To quickly map image colors (a 512**2 image has 1/4 million pixels)
to the nearest neighbors you can subdivide the color cube into 32**3
subcubes, initially unoccupied.
Then each image pixel is quantized into one of the subcubes (which gives
resolution of 15 bits by itself), and a list of 'reachable colors'
is created for that cube if one doesn't already exist for it.

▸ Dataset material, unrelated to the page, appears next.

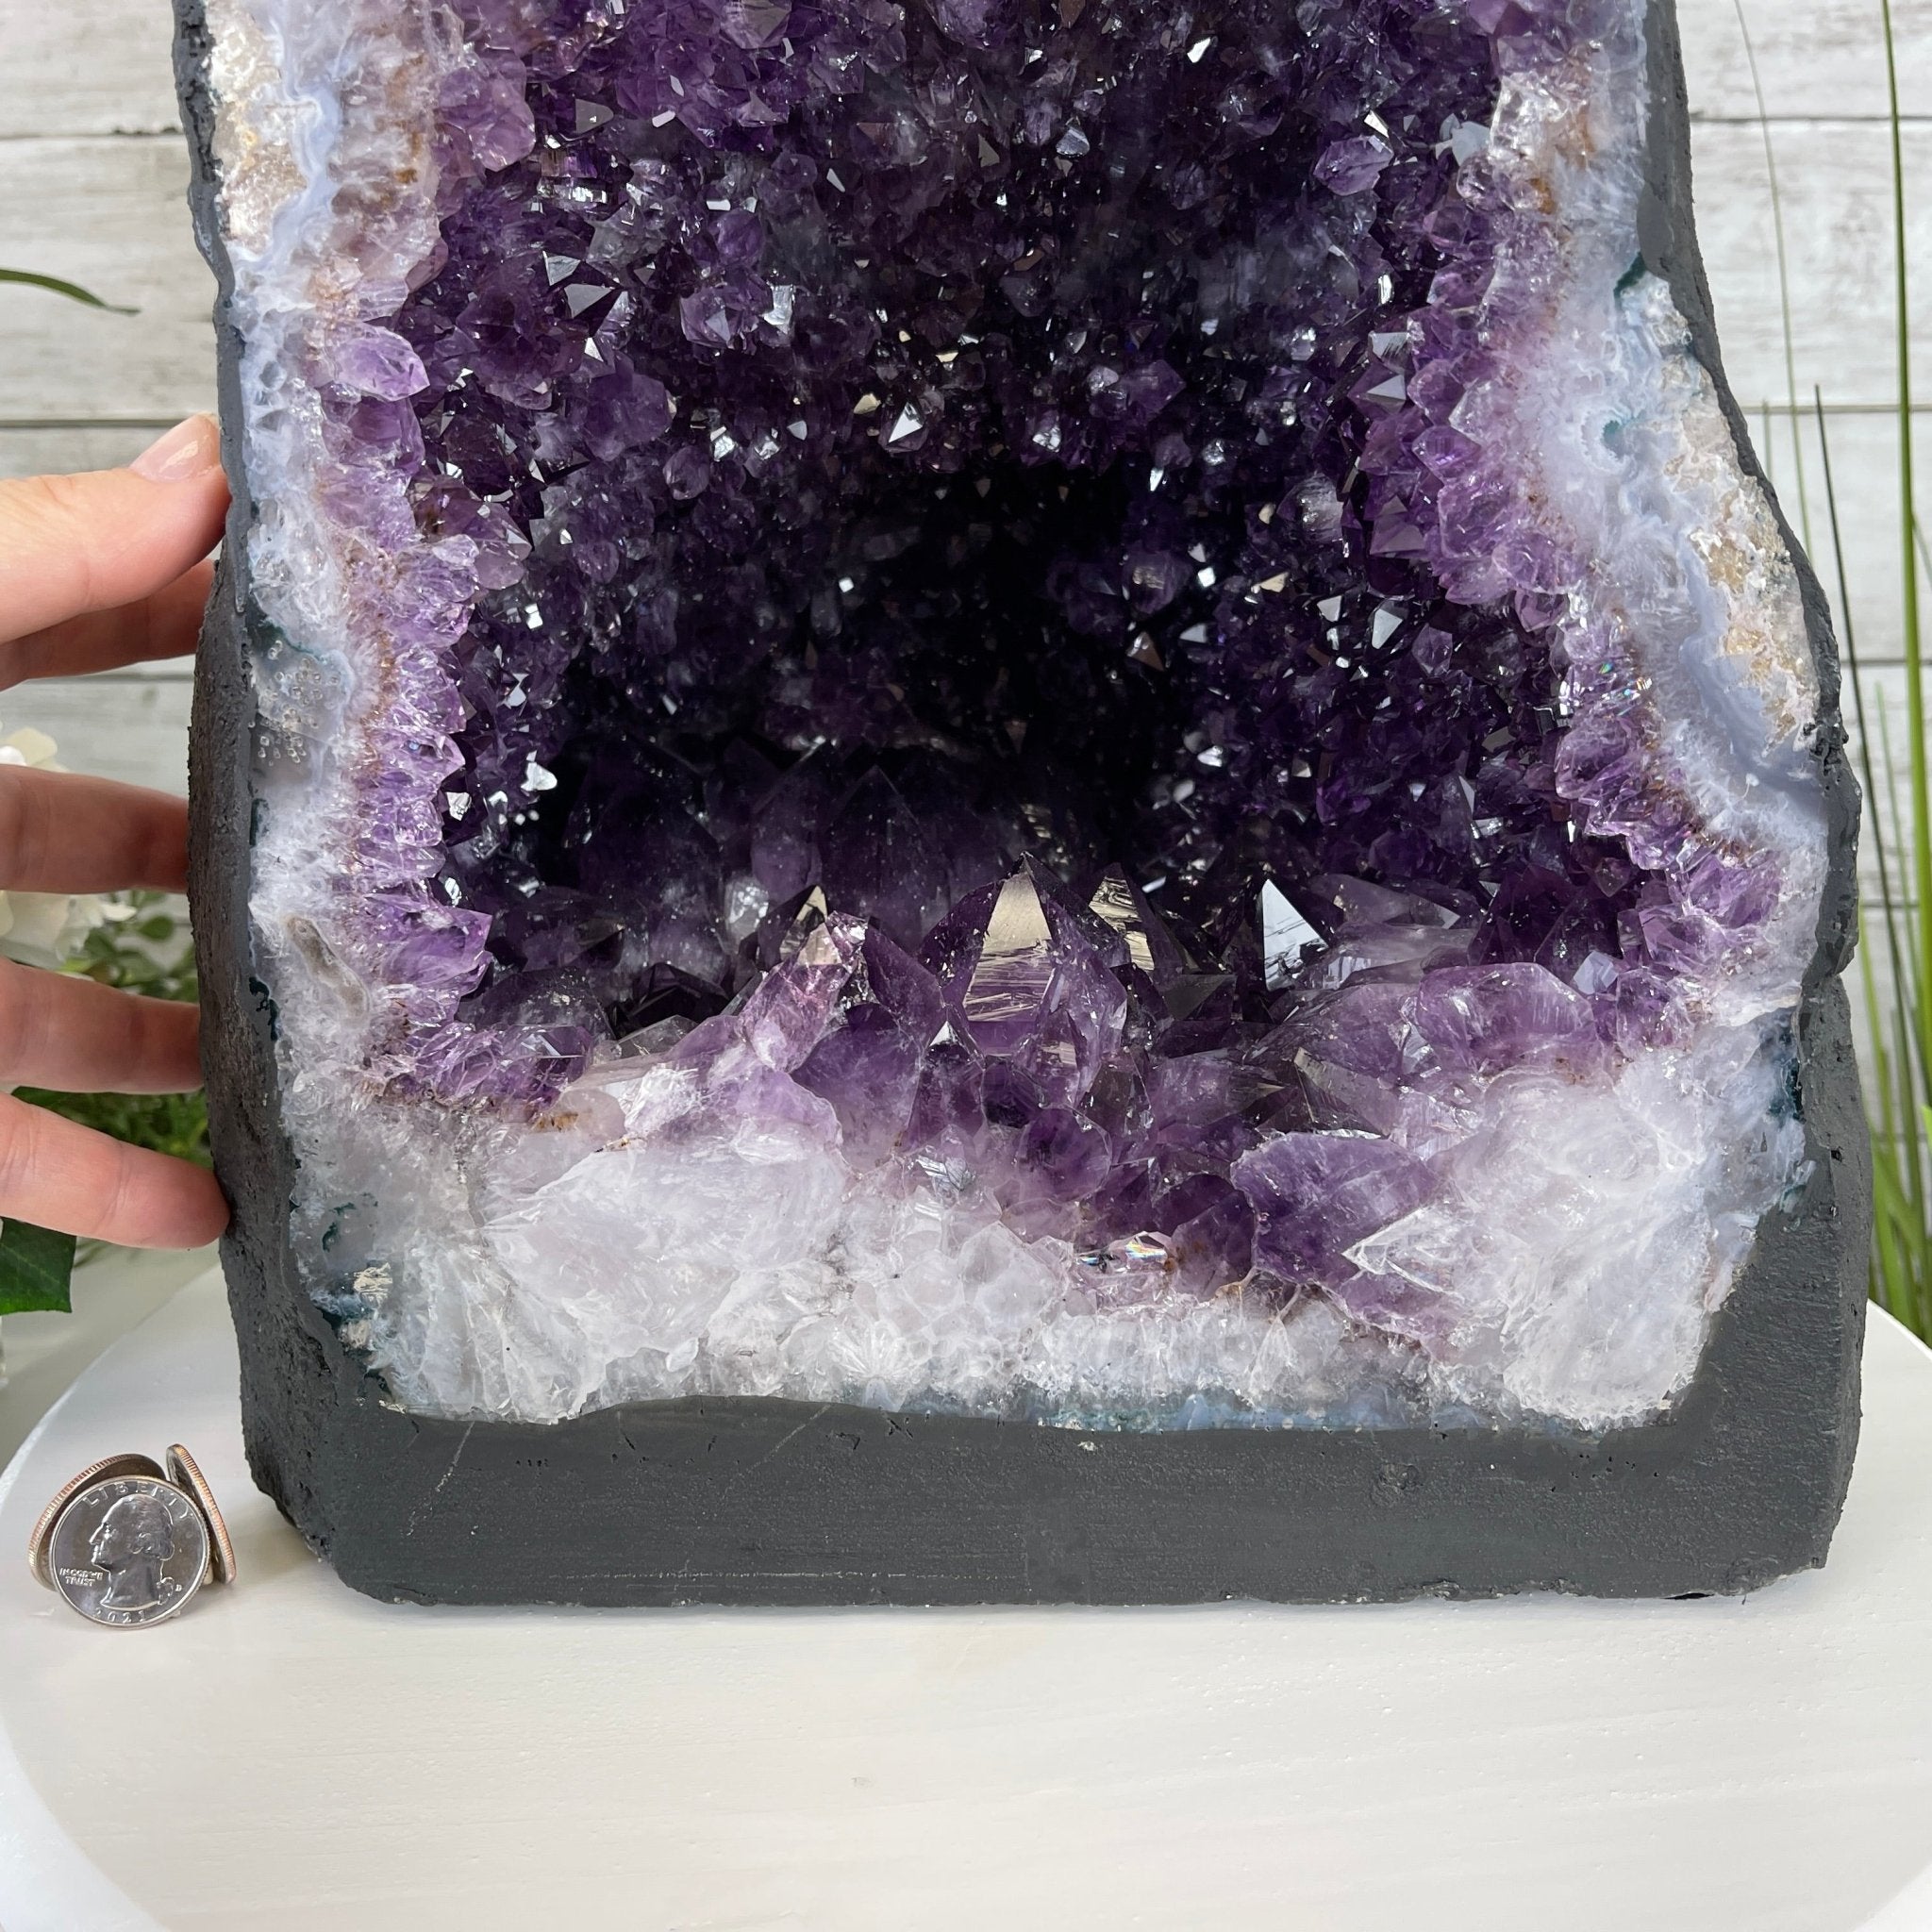 Extra Quality Brazilian Amethyst Cathedral, 17.5” tall & 62.4 lbs #5601-0643 by Brazil Gems - Brazil GemsBrazil GemsExtra Quality Brazilian Amethyst Cathedral, 17.5” tall & 62.4 lbs #5601-0643 by Brazil GemsCathedrals5601-0643
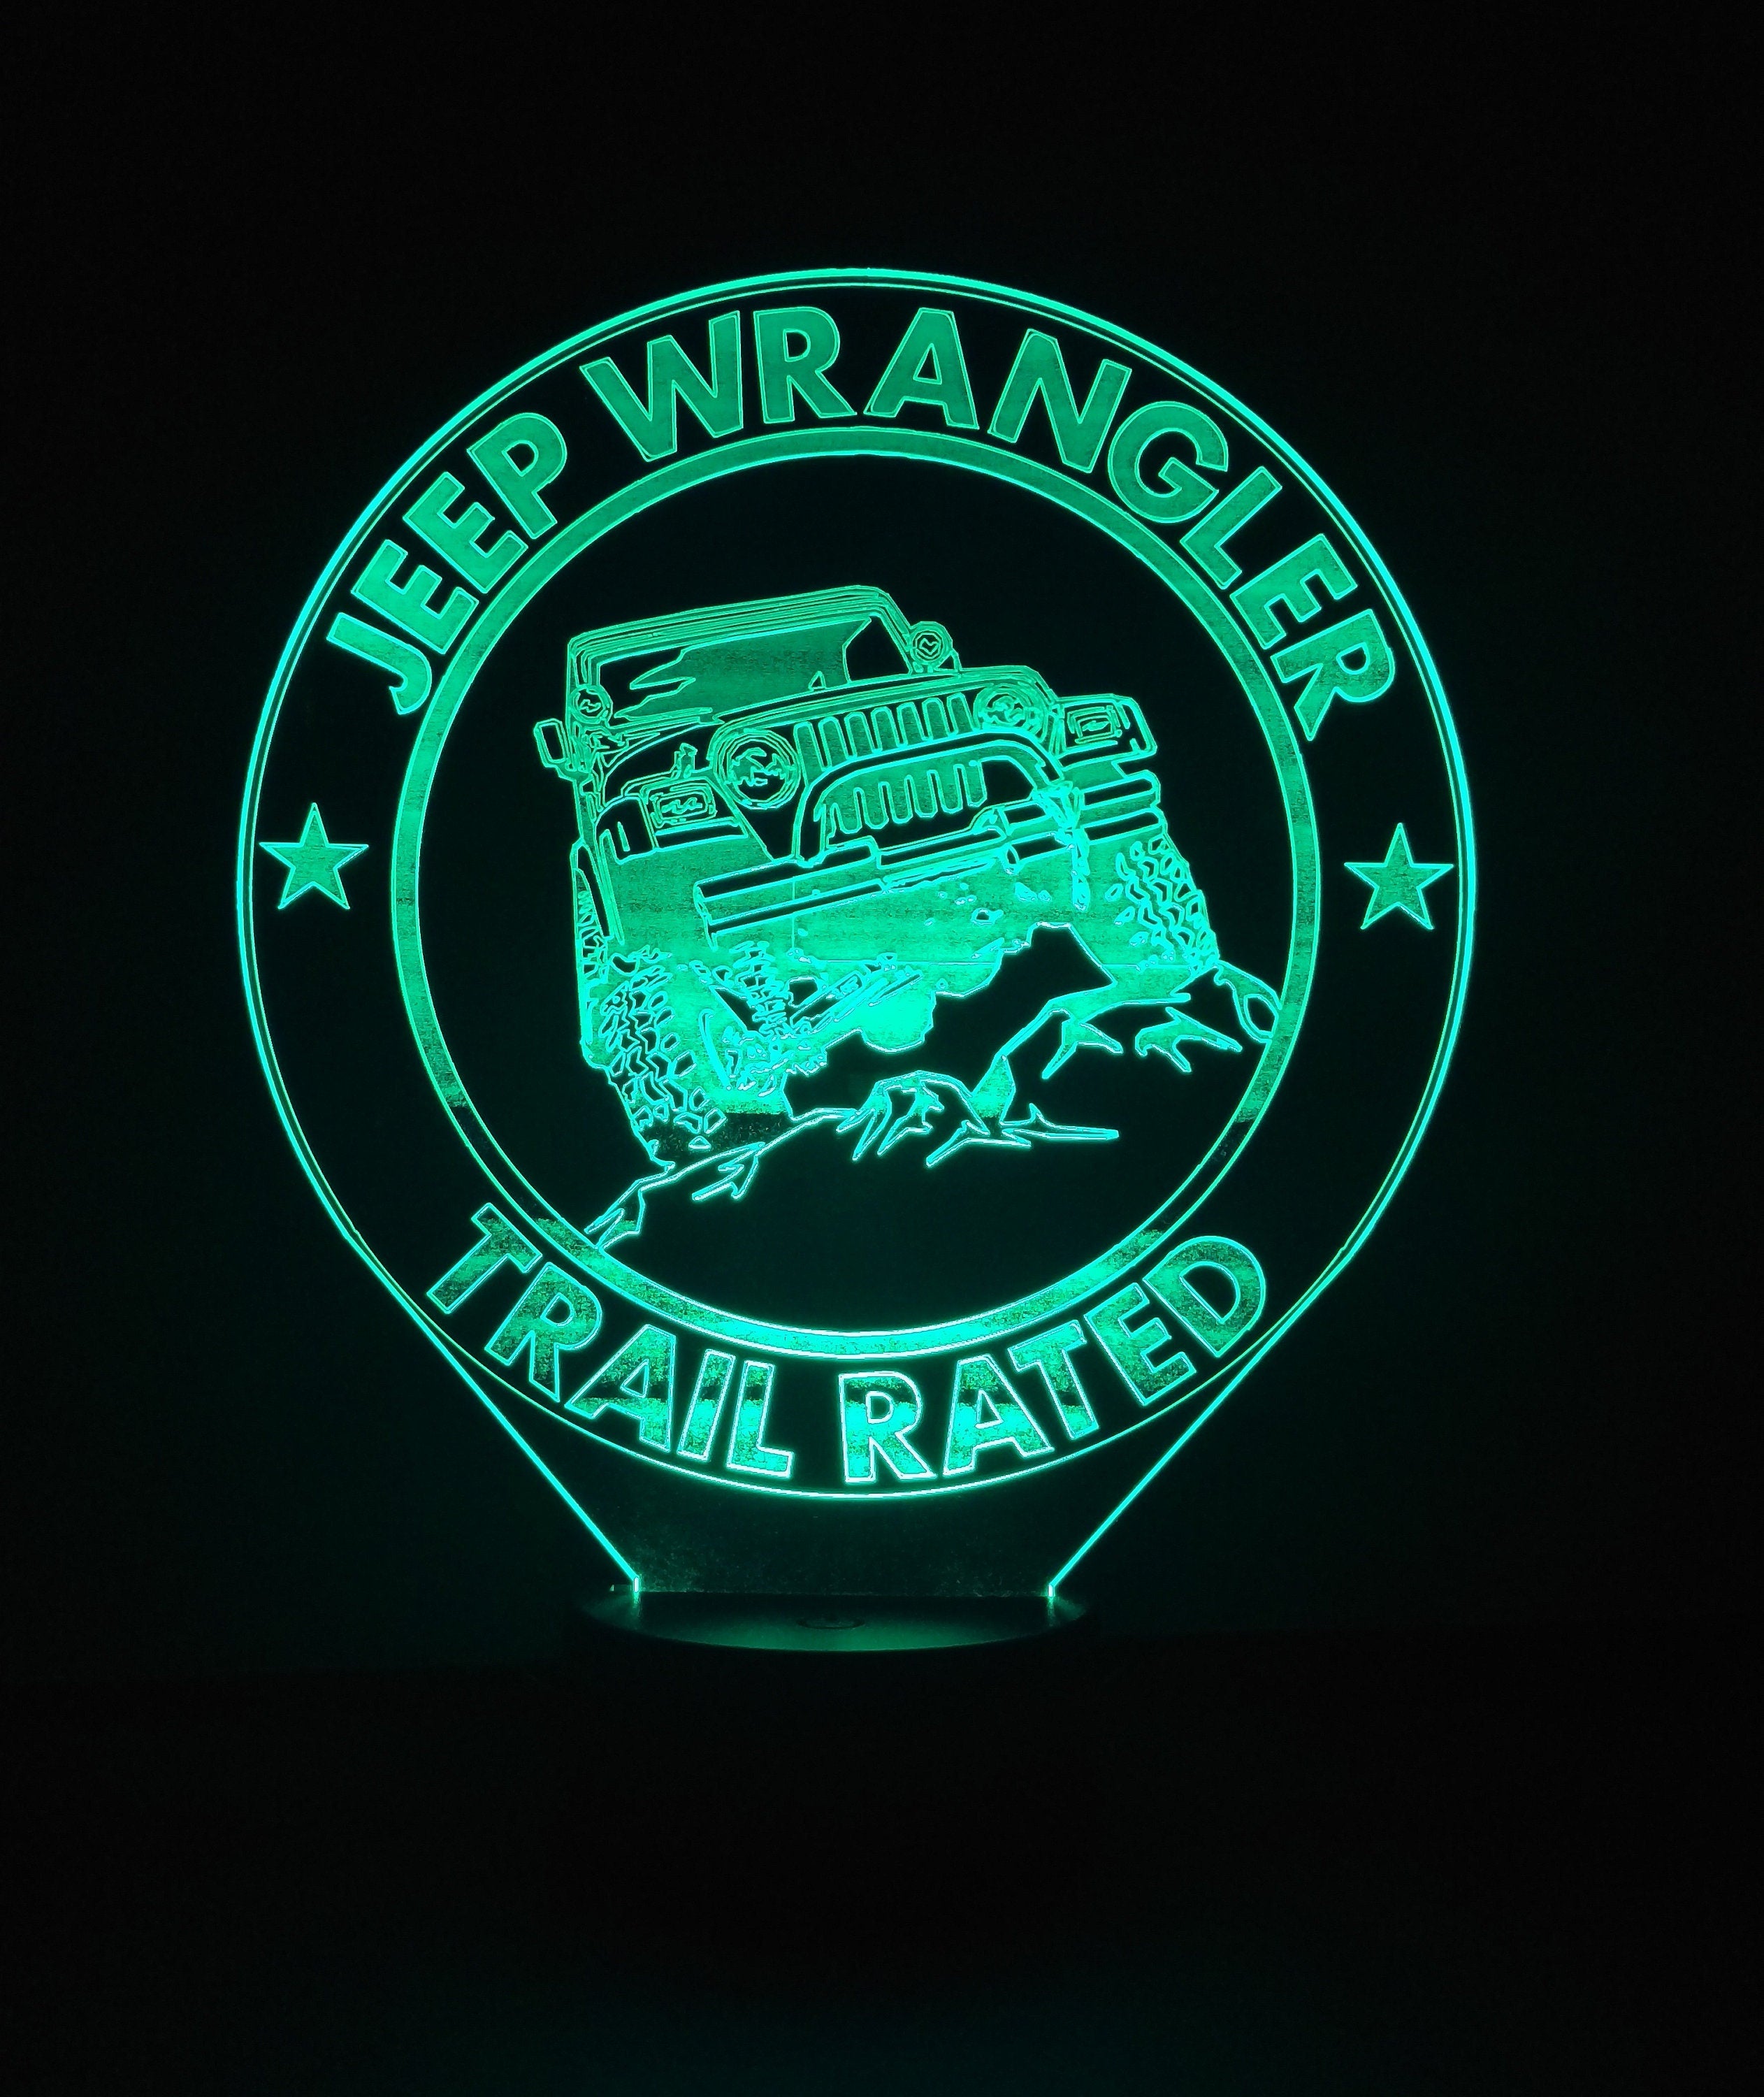 Awesome "Jeep Wrangler - Trail Rated" LED lamp (1106) - FREE SHIPPING!

A color map entry is reachable from within a subcube if it is closer to
some point within the cube than any other color. The set of reachable
colors includes the color that is closest to the center of the subcube,
and in addition any other colors such that the plane bisecting the space
between any pair of colors in the list intersects the subcube. On account
of the convexity of a cube this happens when not all vertices of the
subcube are on the same side of the bisecting plane.
The KD tree is used to select an initial set of candidates within a
spherical shell around the center of the cube; this takes O(log n)
to make the search. Then the cutting plane is used to quickly reduce
the tentative set to the true reachable points. The spherical shell
has only to be the thickness of the length of the major diagonal; this
is easy to incorporate into the basic KD tree search.
Statistically only 2 or 3 points are reachable from each subcube,
so the technique is an economical way of doing the nearest neighbor
search.
Relaxation can optionally be used to find a local optimum for the color
map.
To do this, a pass thru the image is made and the centroid of all image
colors that hit each color map entry is accumulated. Then the color
map entry is updated to that centroid and the process is repeated.
This is referred to as the 'Basic Isodata Algorithm' by pattern
recognition workers, but has been rediscovered many times.
Diffusive dither is used on the final image mapping; it adds the
benifits of halftoning to the process. It simulates the heat (diffusion)
equation by dispersing any mapping error on a pixel to the adjacent
pixels below and to the side. Some precautions have to be taken because
the image colors don't necessarily lie in the convex hull of the
assigned color map when doing this.
Diffusive dither is very effective - even with only 16 colors images
for the VT340 come out amazingly well.
- Jim
|
900.5 | sounds like a job for ... cluster analysis | ZFC::DERAMO | Supersedes all previous personal names. | Tue Jul 12 1988 20:17 | 18 |
| >> The problem is mapping in an optimal way a lot of points (about
>> one million at most) of a tri-dimensional space to a smaller set
>> (typically 16 or 256) of points. Optimal could mean that the sum
>> of the distance squared from each point to the point that approximate
>> it is minimal.
This sounds a lot like something called "Cluster Analysis".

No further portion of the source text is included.